## Collected data
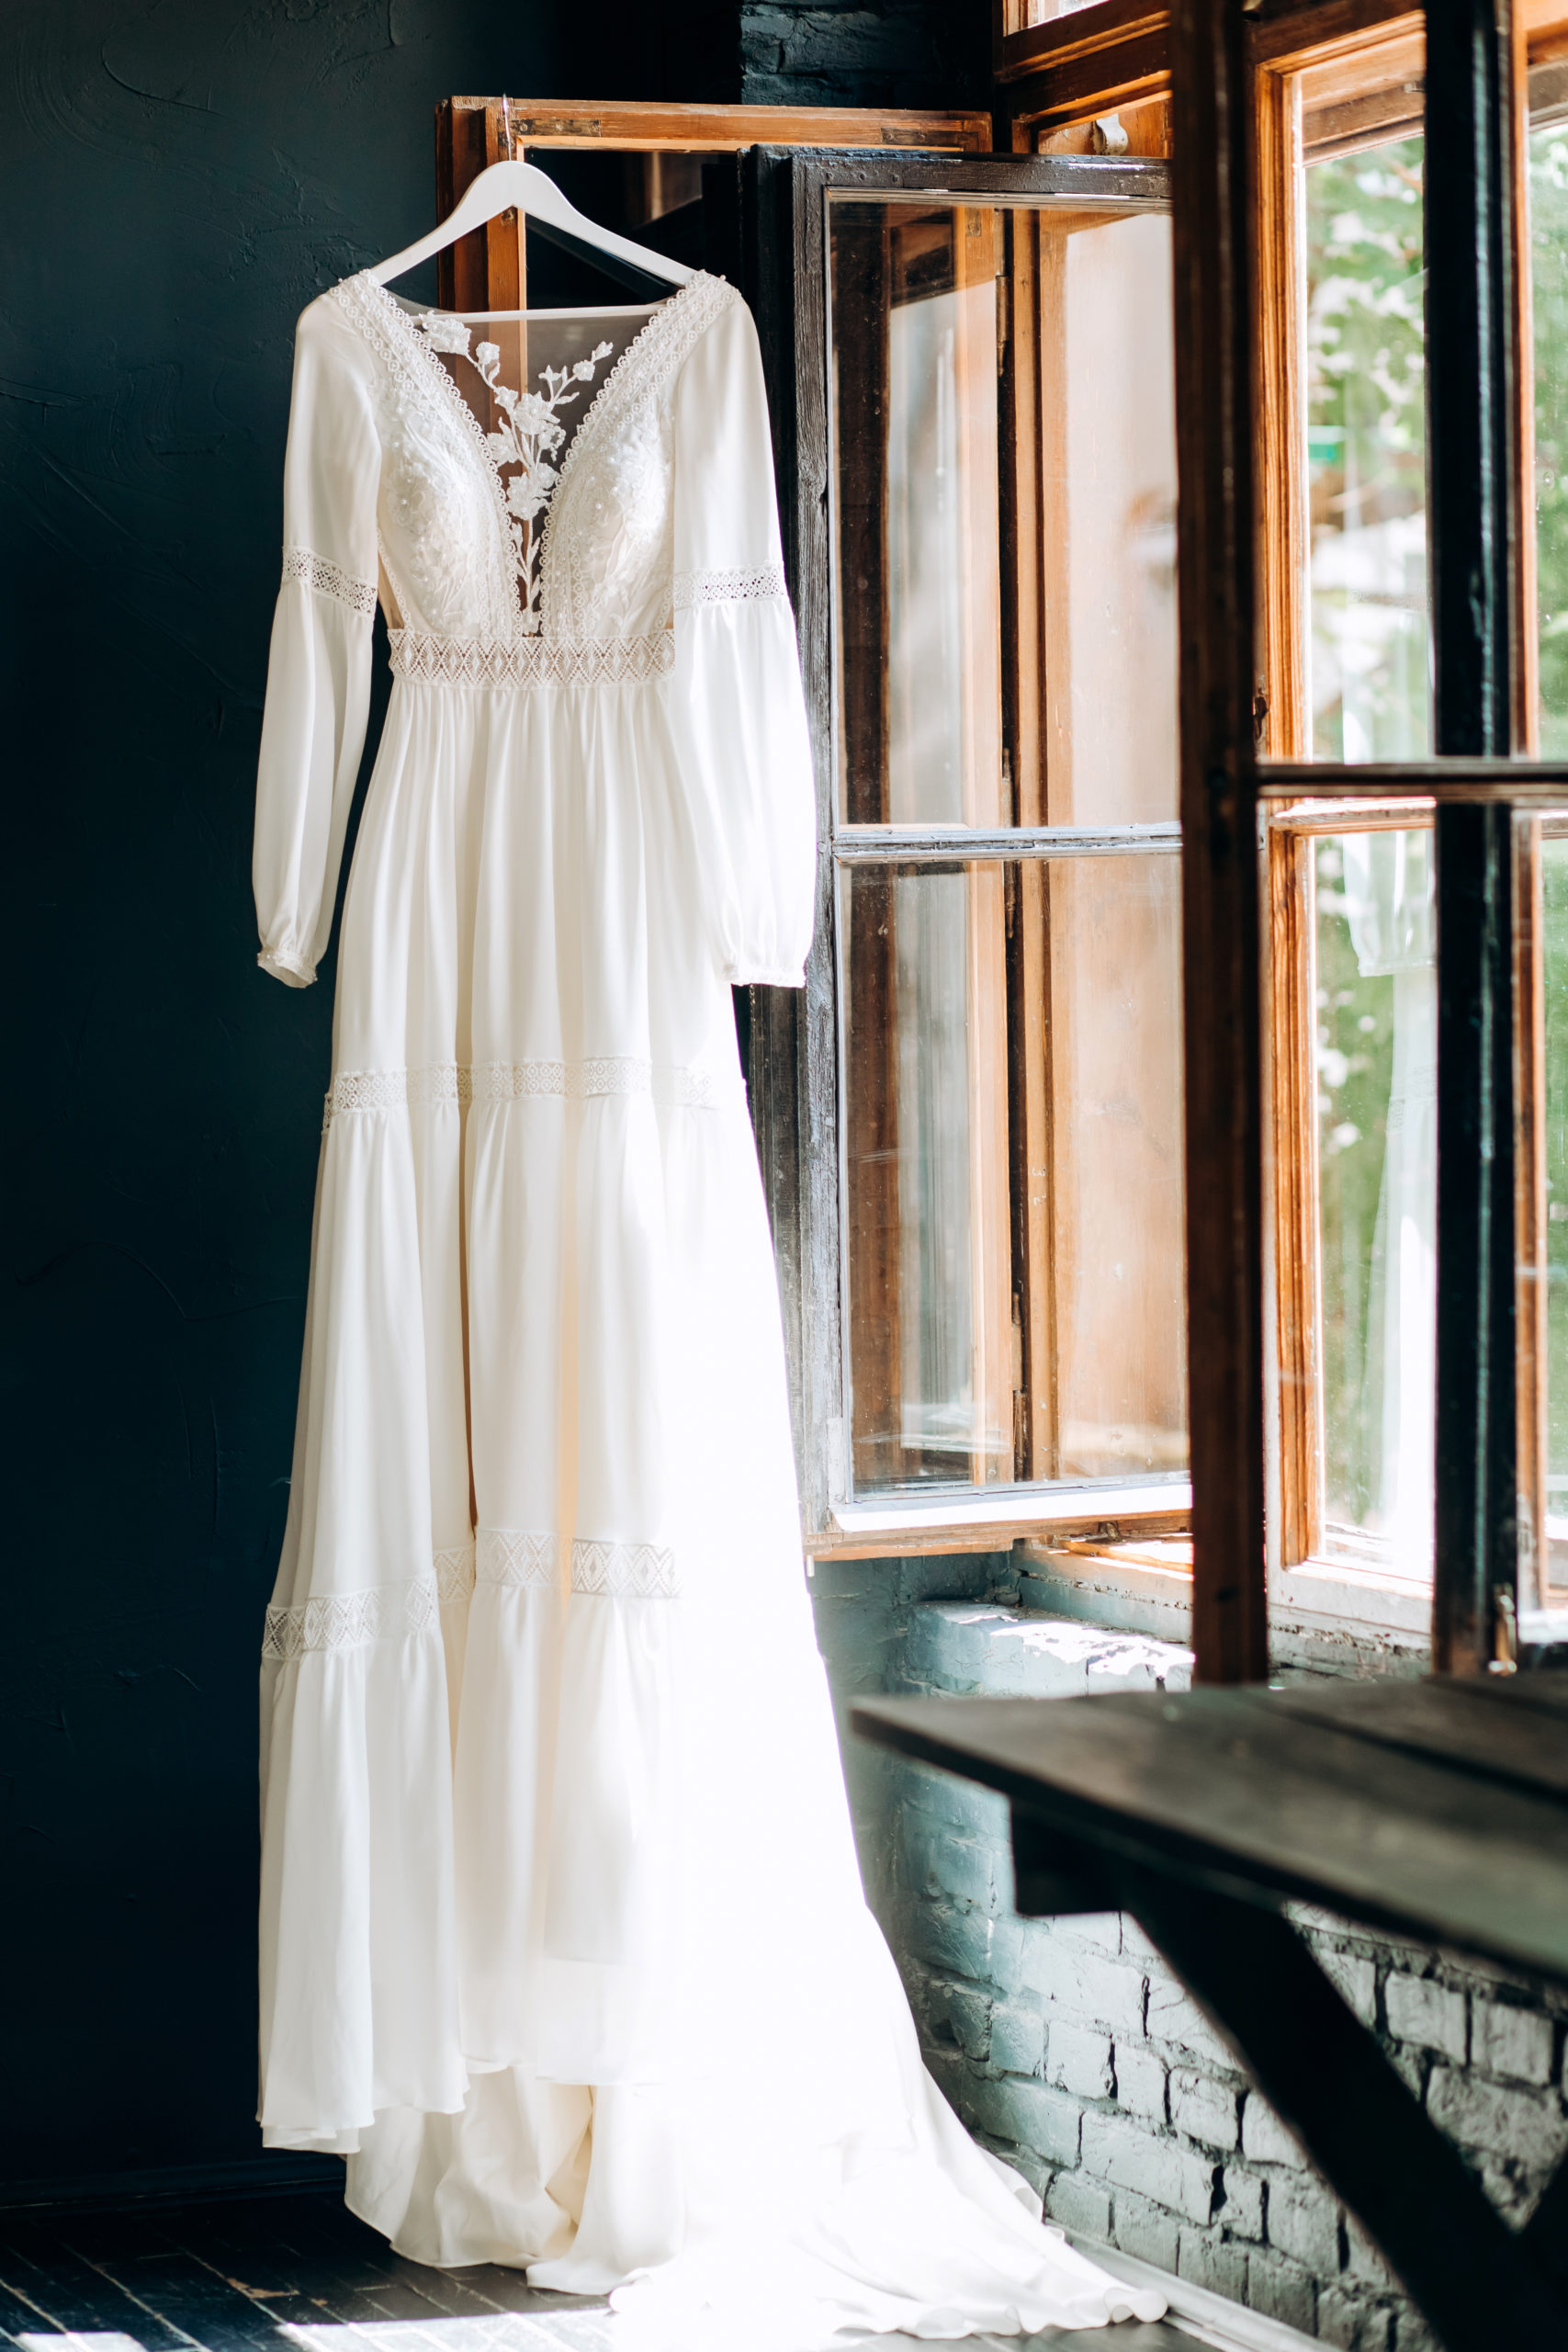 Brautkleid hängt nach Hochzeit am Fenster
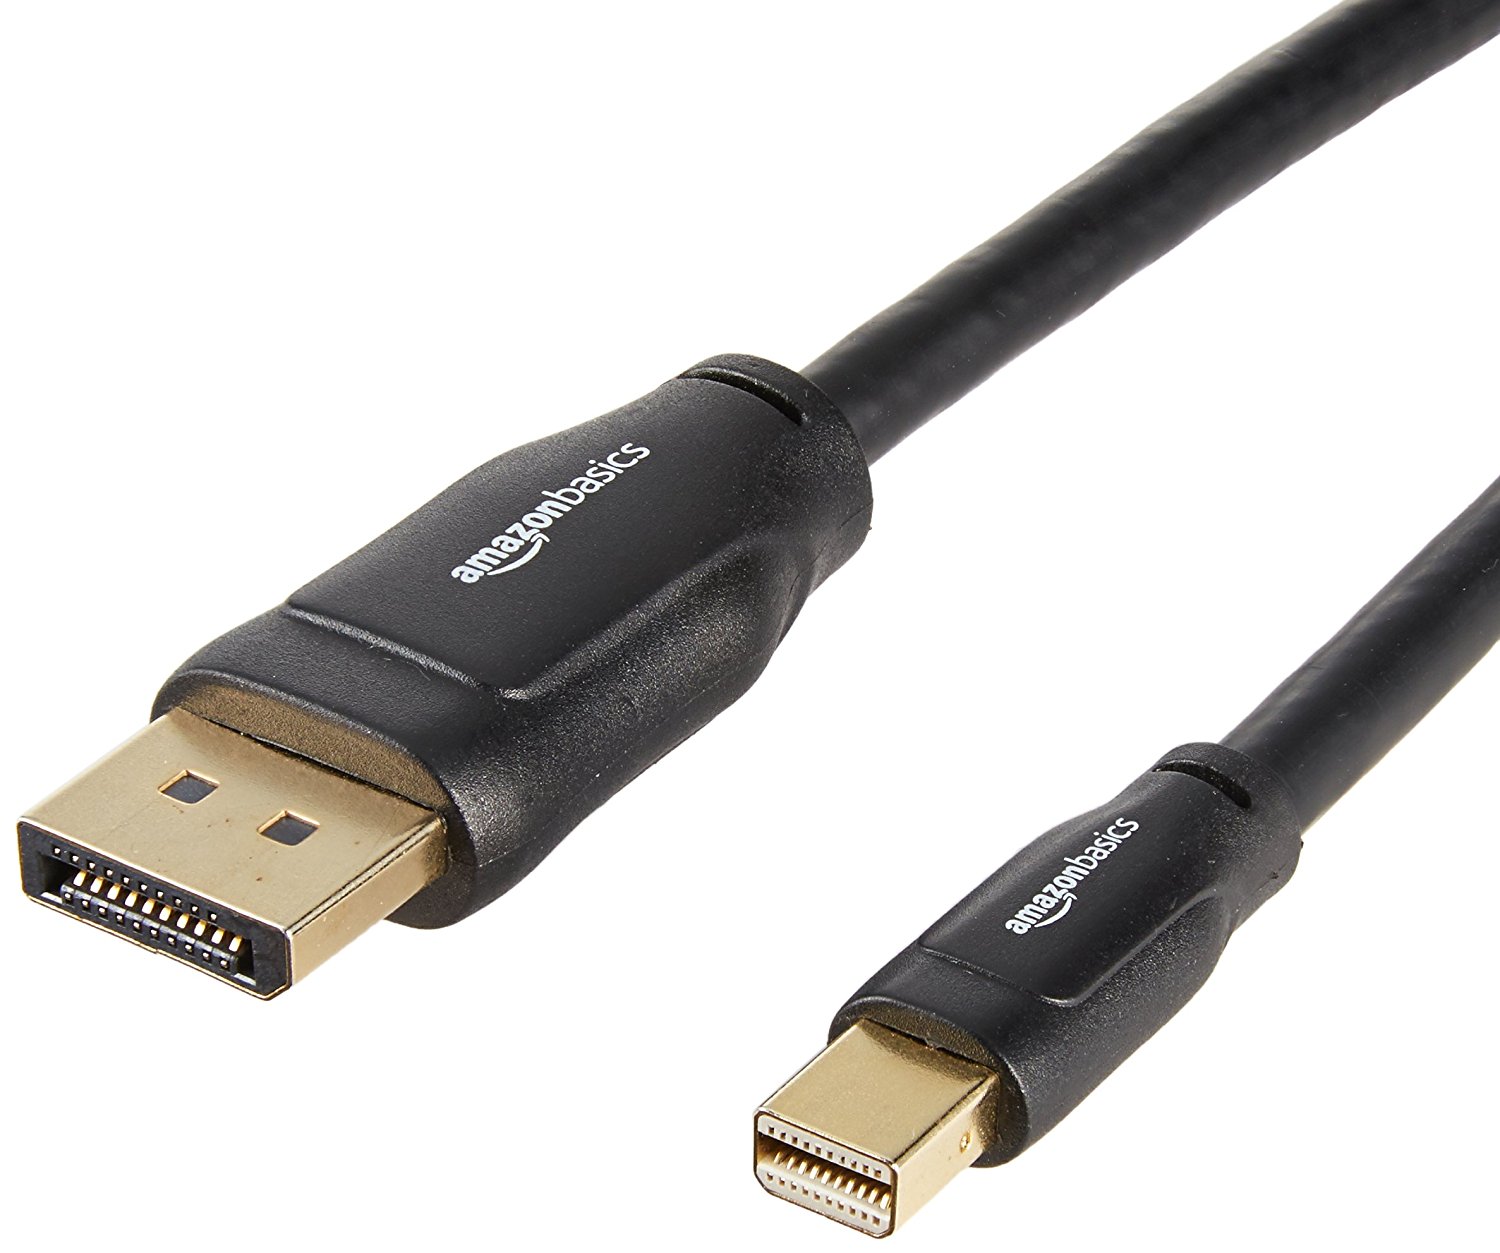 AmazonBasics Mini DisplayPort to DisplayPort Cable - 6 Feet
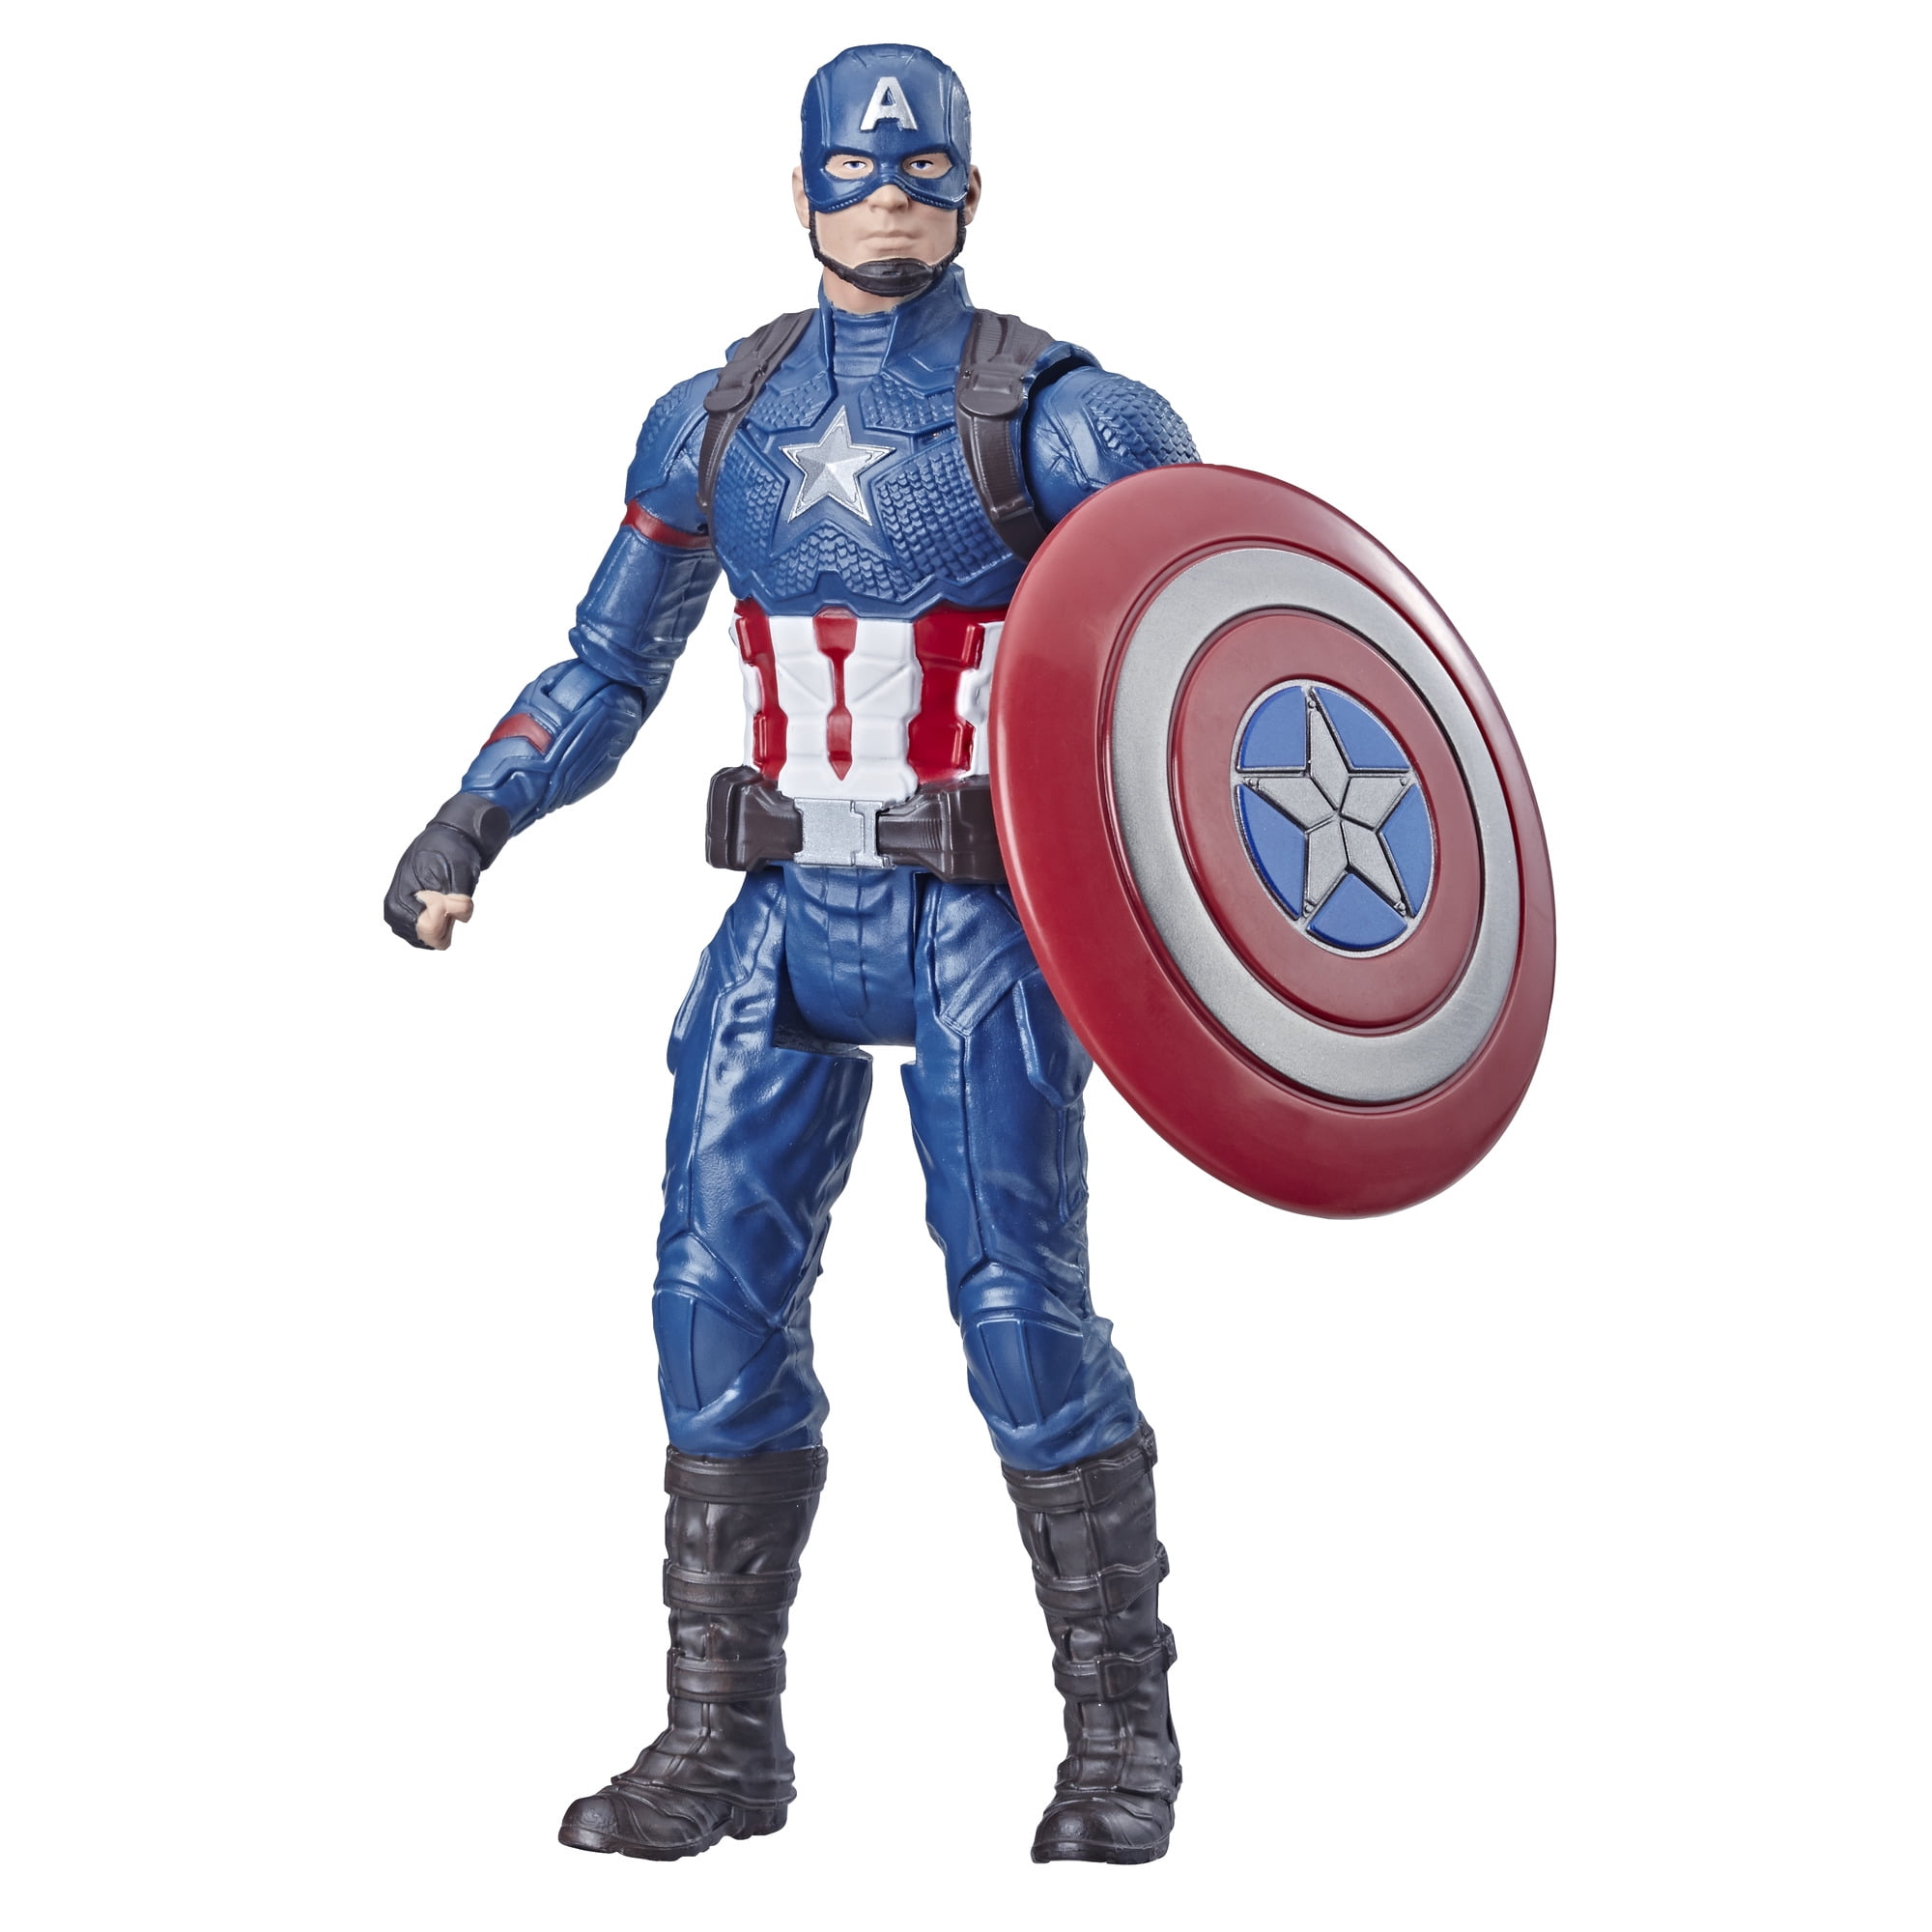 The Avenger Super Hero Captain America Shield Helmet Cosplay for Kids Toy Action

## Try it
When the listing is transcribed, every line must match the original exactly, and the pictures must be left out.

## Response box
 Brautkleid hängt nach Hochzeit am Fenster
 AmazonBasics Mini DisplayPort to DisplayPort Cable - 6 Feet
 The Avenger Super Hero Captain America Shield Helmet Cosplay for Kids Toy Action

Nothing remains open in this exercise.